Okoboji Yacht Club Sailing
Sailboats with their white and colorful sails provide a beautiful sight on the blue waters of the Iowa Great Lakes. Some sailors are out for the pleasure of sailing - for the enjoyment, while other sailors are out to test their racing skills.
There are sixty-five sailboats in four classes registered to participate in the racing program operated by the Okoboji Yacht Club. Competitive sailboat racing for scows of Class C, MC, and X plus Ynglings are held from Memorial Day weekend to Labor Day weekend each summer.
There are many types of sailboats used for sailing pleasure on the Iowa Great Lakes. Being able to identify the four racing classes on West Lake Okoboji is important to understanding the racing action. Each class completes with other boats within its class. There is no interclass competition.
Okoboji races are on Saturday and Sunday morning, generally south of Manhattan Beach on West Lake Okoboji. Between 8:30 and 9:30 AM the race committee is out on the water measuring wind speed and direction along with surveying West Lake for potential course locations. Racing doesn’t start until 9:30 AM or later because the wind usually has not come up to racing speed until 9 AM or later.
By 9:30 AM the race committee boat is usually anchored and the pin boat has deployed an orange racing mark (buoy) to set the two ends of the starting line. The windward mark (orange) is set approximately one mile to windward. A second leeward mark (yellow) is set at two tenths of a mile to windward for the MC, Yngling, and Class X sailboats.
The starting sequence follows a three-minute format.
* (9 AM on July 5 - 6th for the Fourth of July Series)
If a few boats are over the starting line at their starting gun those boats will be Individually Recalled. Should a large number of boats be over the line at the start, a General Recall will be made for that entire racing class. For a General Recall all the boats of that particular class return to the starting area and restart after all the other boats have started.
To non-sailors the wind direction and speed seems to be fairly steady. To serious sailors the wind is anything but constant. The wind is always shifting in small ways that can benefit the sailor smart enough or lucky enough to be on the good side of the wind. Since sailboats can’t sail directly into the wind, each skipper must decide if they will go to the right or left side of the course on their way to the windward mark. If the wind shifts in your favor you will be the first one to the windward mark, given comparable boat speed. Once the boats have rounded the windward mark, it is back downwind to the mark in the vicinity of the starting line.
For the first race all boats will go around the course twice, except the Class X fleet, which will go around the course only once. If weather conditions permit, a second race will immediately follow the first race.
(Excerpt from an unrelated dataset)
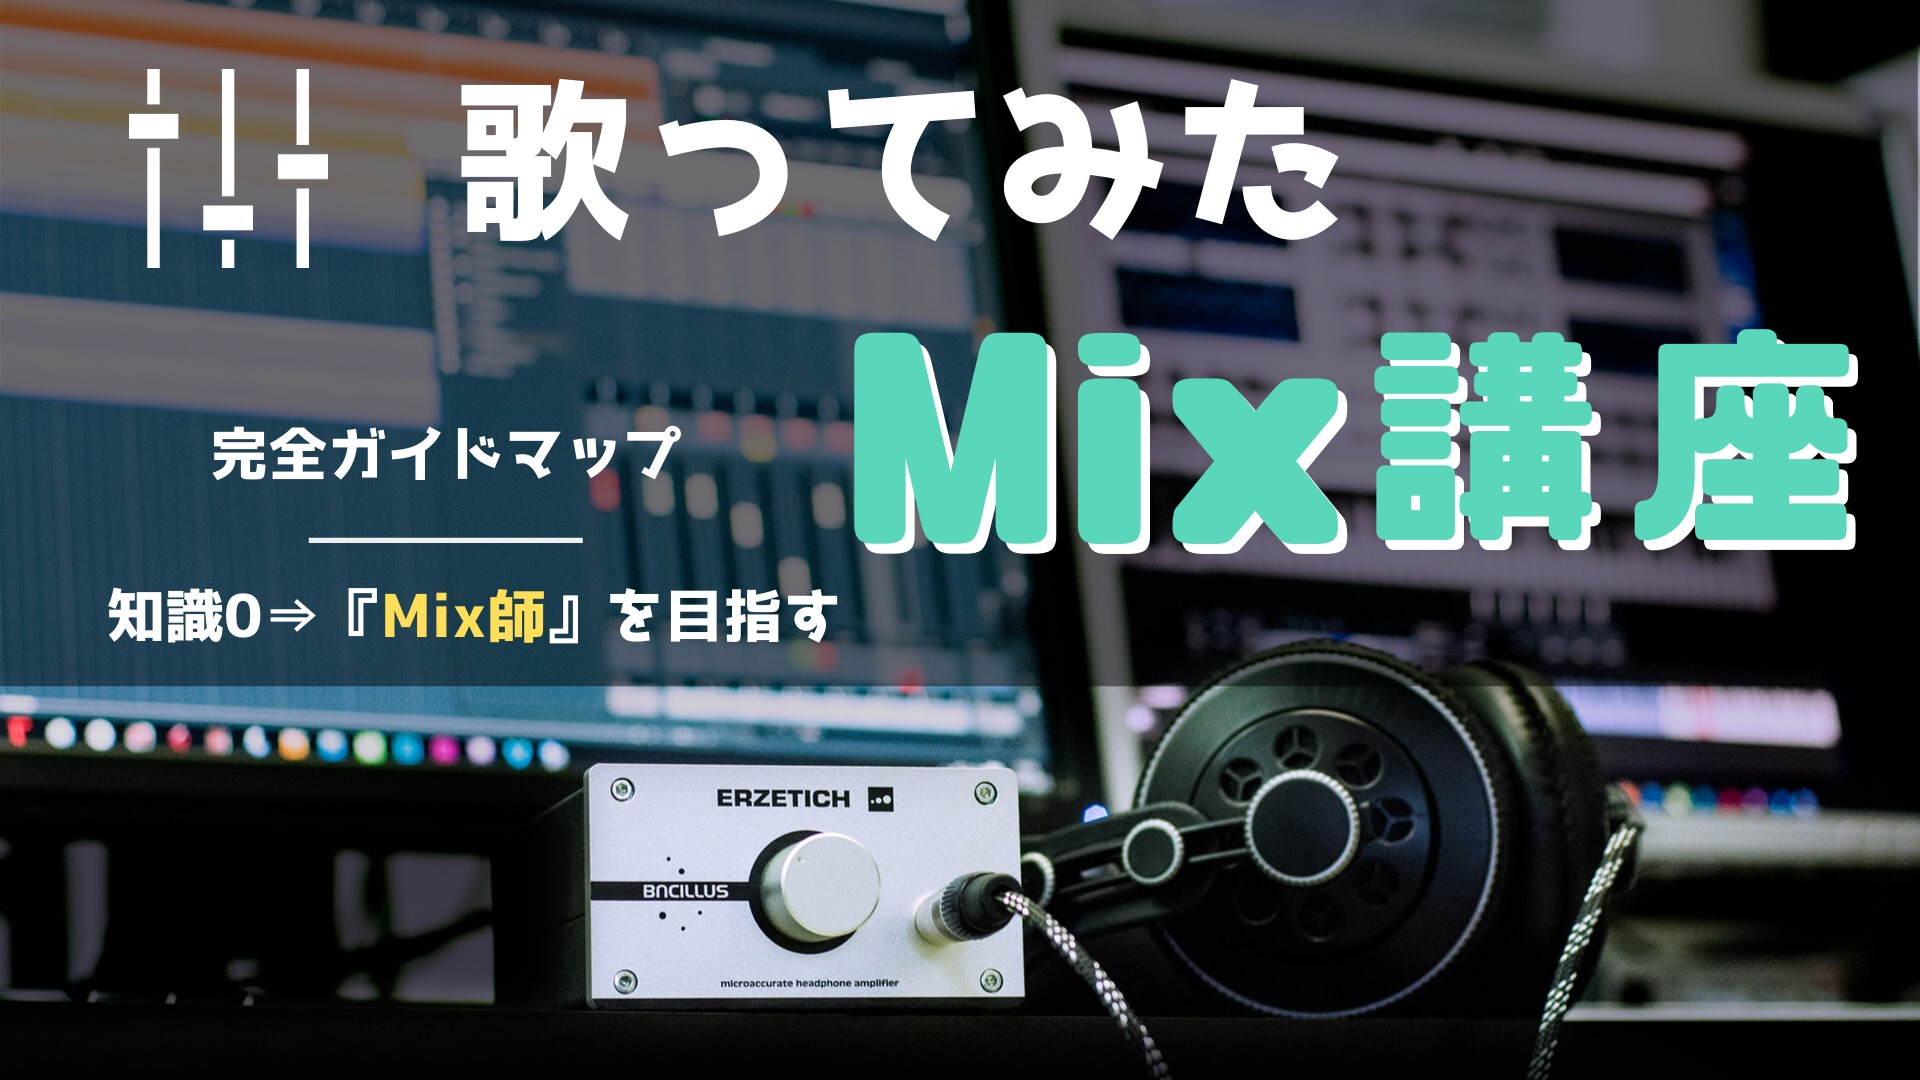 歌ってみたのMix講座 完全ガイドマップ|知識ゼロ→『Mix師』を目指す方法
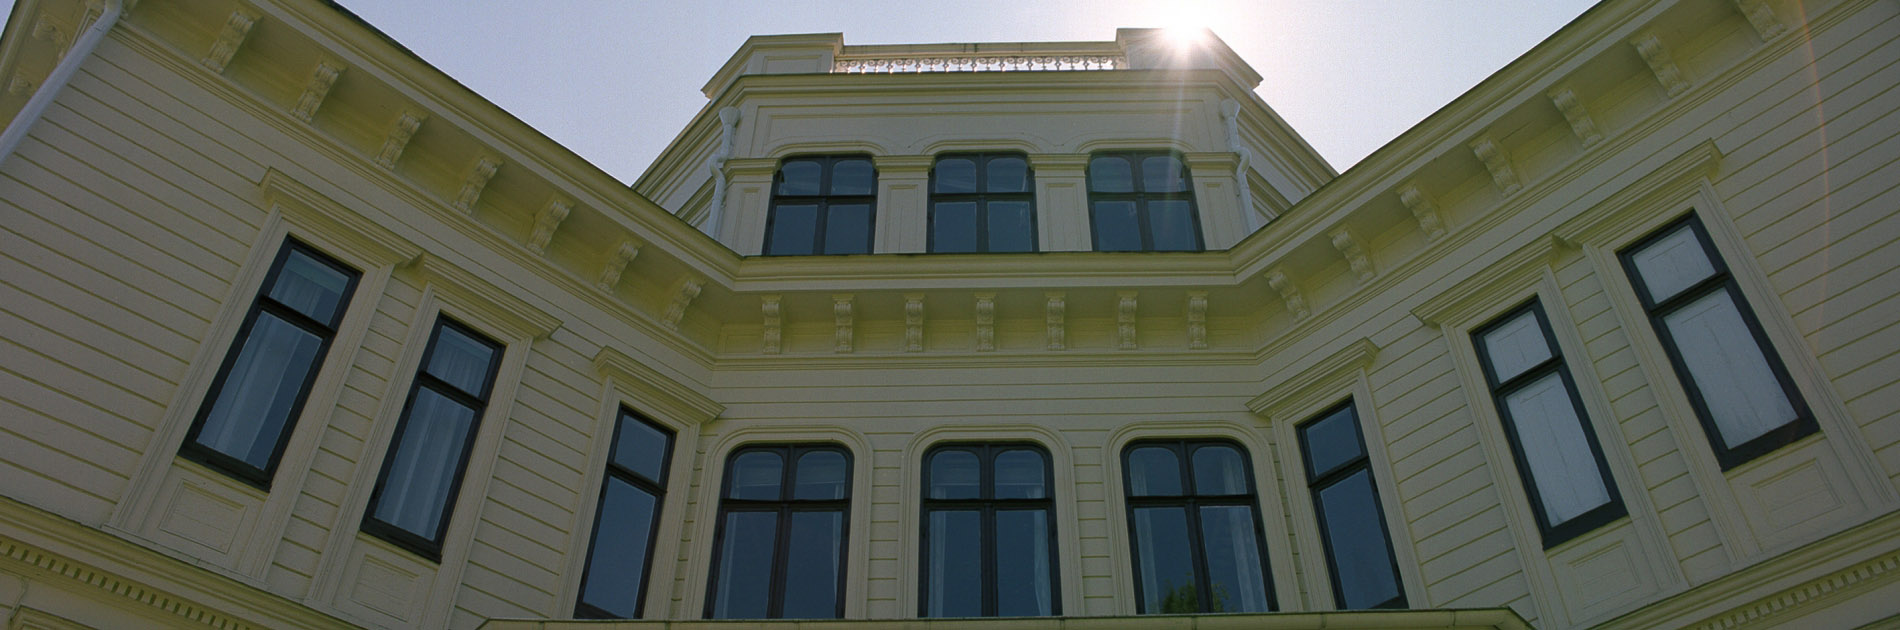 Solen lyser på Billdals Gårds fasad.

The main difference for the second race is that the sailors will finish with a windward leg, so the second race is 1.5 or 2.5 times around the course depending on the class of boat. The finish of the second race is into the wind. The first boat to finish in each class is given a one-gun salute.
When all boats have finished the last race, the temporary marks are picked up and the race committee boats head back to the yacht club headquarters on Manhattan Beach. Racing will be abandoned when winds exceed 20-25 miles per hour or if there is lightning. X boat skippers and crew are required to wear life jackets from the Class X preparatory signal until they cross the finish line. All OYC sailors are required to wear life jackets when the race committee flies code flag “Y” (yellow and red diagonal stripes) - generally when wind speed exceeds 12 miles per hour.
With a VHF Marine Radio, one can follow the action prior to the start on channel 68 and after the start on channel 72. Current weather broadcast by NOAA National Weather Service for the Iowa Great Lakes can be heard on marine radio weather channel one or 162.55 MHz.
Power boaters know that sailboats have the right a way and that boaters are responsible for their wakes. The wakes from powerboats can upset the delicate balance of a sailboat that is dependent on wind power. Sailors appreciate powerboats that give them a wide berth while they are racing on Saturday and Sunday mornings. Generally, sailboat races will be completed by about noon.
Participating in sailing is easy and fun. Quite often skippers are looking for crew – no experience necessary. Locate a skipper by their boat, boat roster on the OYC website, or by calling the club at telephone 337-0121.
The sailboats on Millers Bay Monday through Friday are part of the Okoboji Yacht Club Sailing School. Training is provided on the International Optimist Dinghy, Open BIC, Laser, and X boats. There is multiple one-week mini training sessions scheduled from mid June through early August for ages six to eighteen. Students do not need a boat, live on the lake, or be members of the Okoboji Yacht Club. Students in the area for only a week can participate. More than 200 students per summer take advantage of the sailing lessons. Additional information can be found in the Sailing School brochure using the Okoboji Yacht Club website.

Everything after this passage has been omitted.